-- INFORMATION PROVIDED --
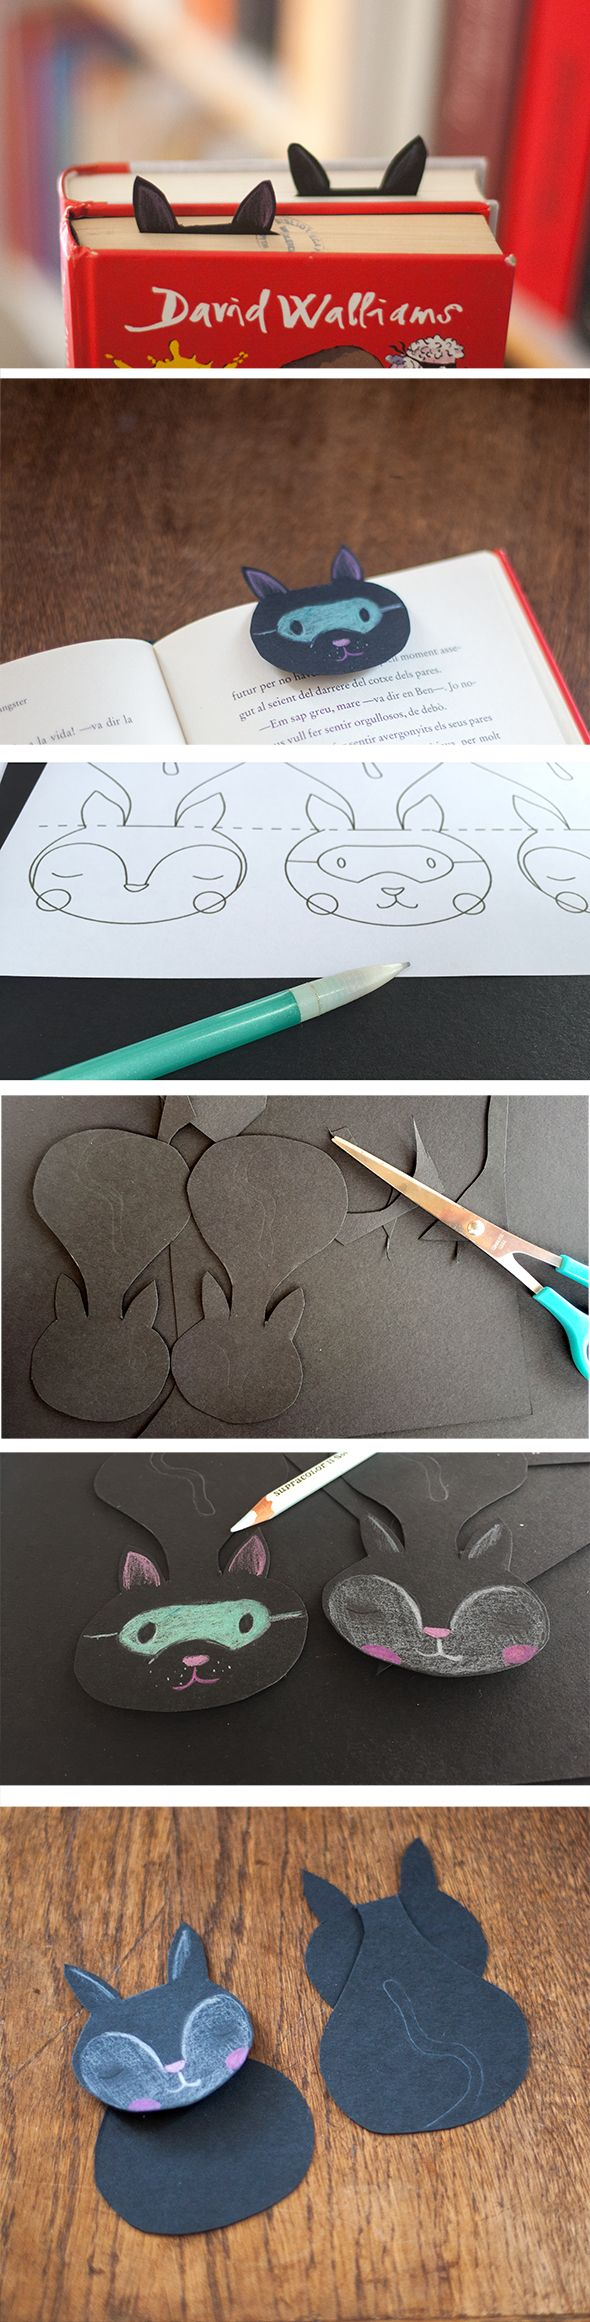 Bookmark / Marcapáginas / Lesezeichen | Bookmarks, Crafts and Origami
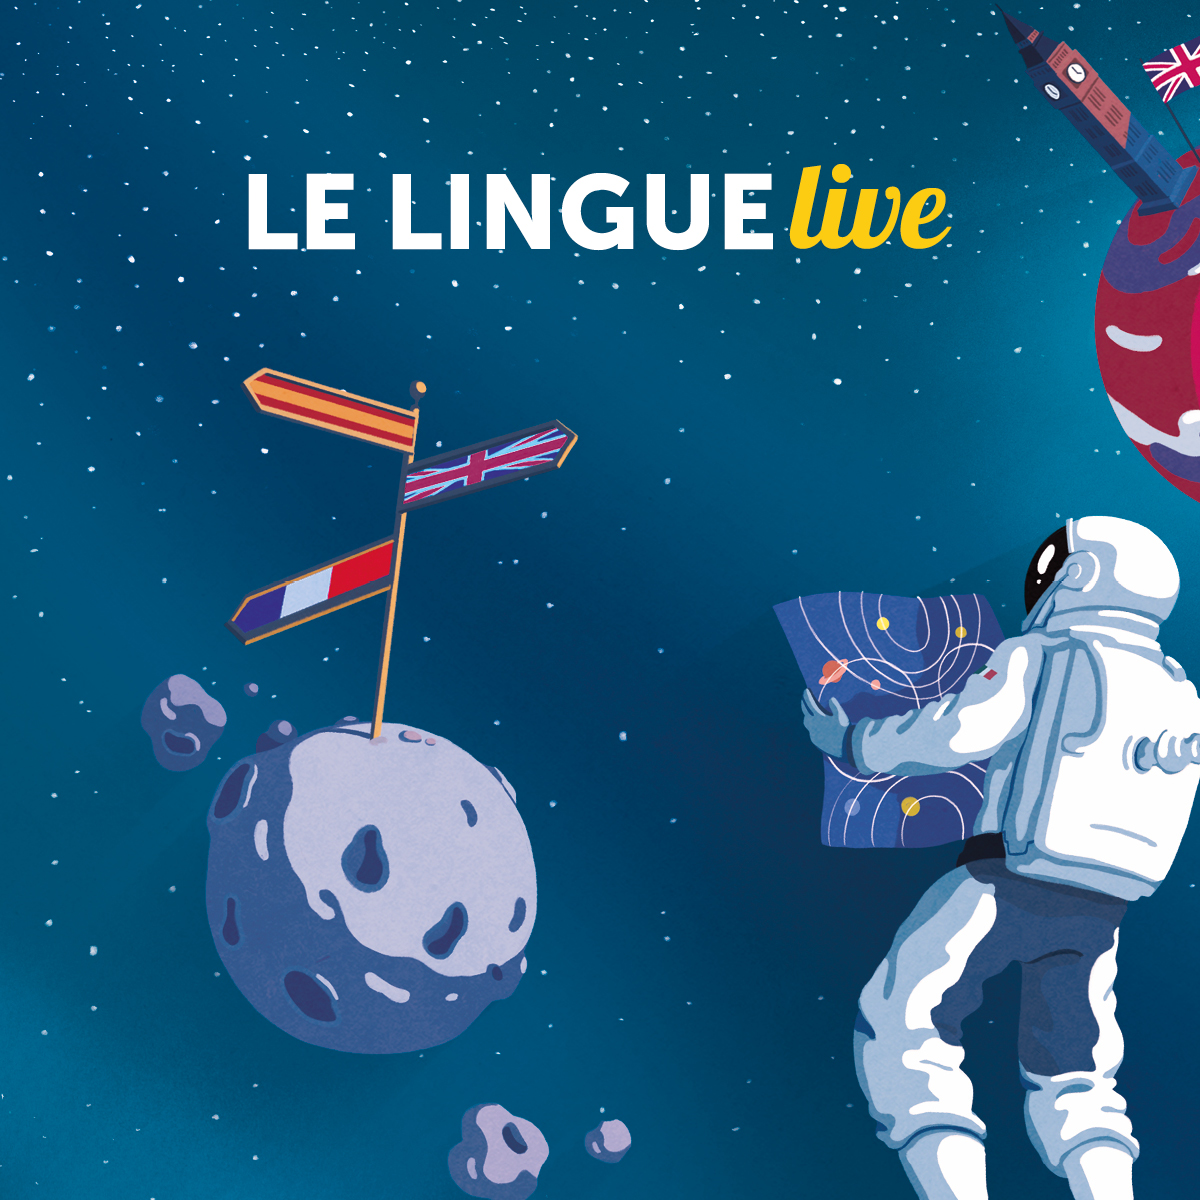 Valutare nella classe di lingue nell'ottica della Didattica Digitale Integrata: sfide, compiti autentici e come valutarli
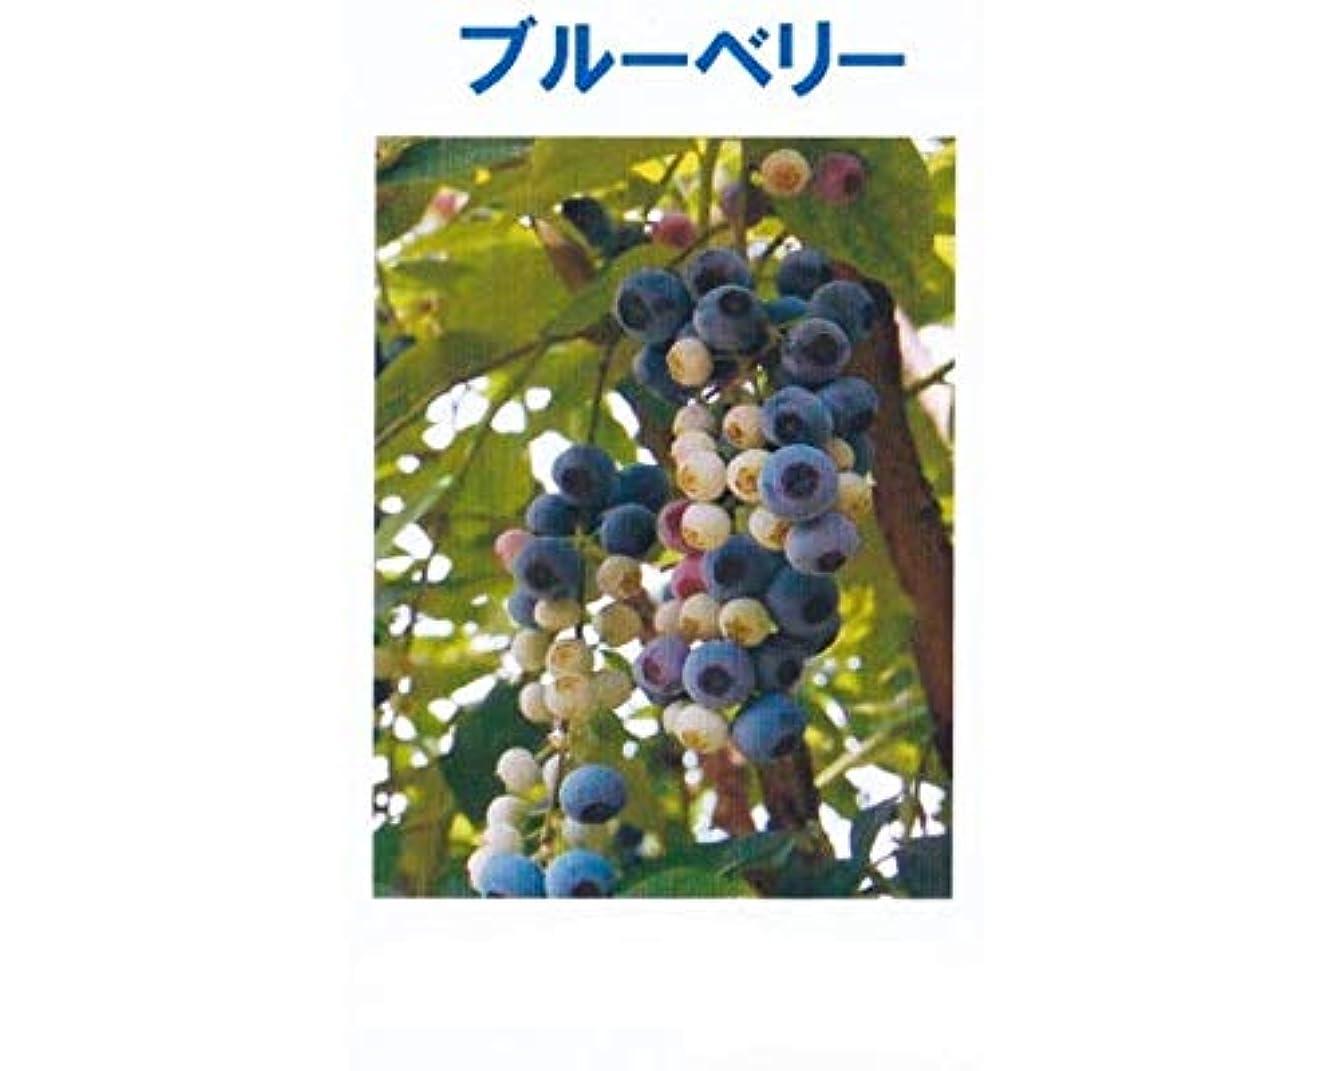 イデオロギー荒らす収穫アロマオイル ブルーベリー 5ml エッセンシャルオイル 100%天然成分

-- YOUR TASK --
Please give the data again in full, exactly as written, but without any images.

-- REPLY --
 Bookmark / Marcapáginas / Lesezeichen | Bookmarks, Crafts and Origami
 Valutare nella classe di lingue nell'ottica della Didattica Digitale Integrata: sfide, compiti autentici e come valutarli
 イデオロギー荒らす収穫アロマオイル ブルーベリー 5ml エッセンシャルオイル 100%天然成分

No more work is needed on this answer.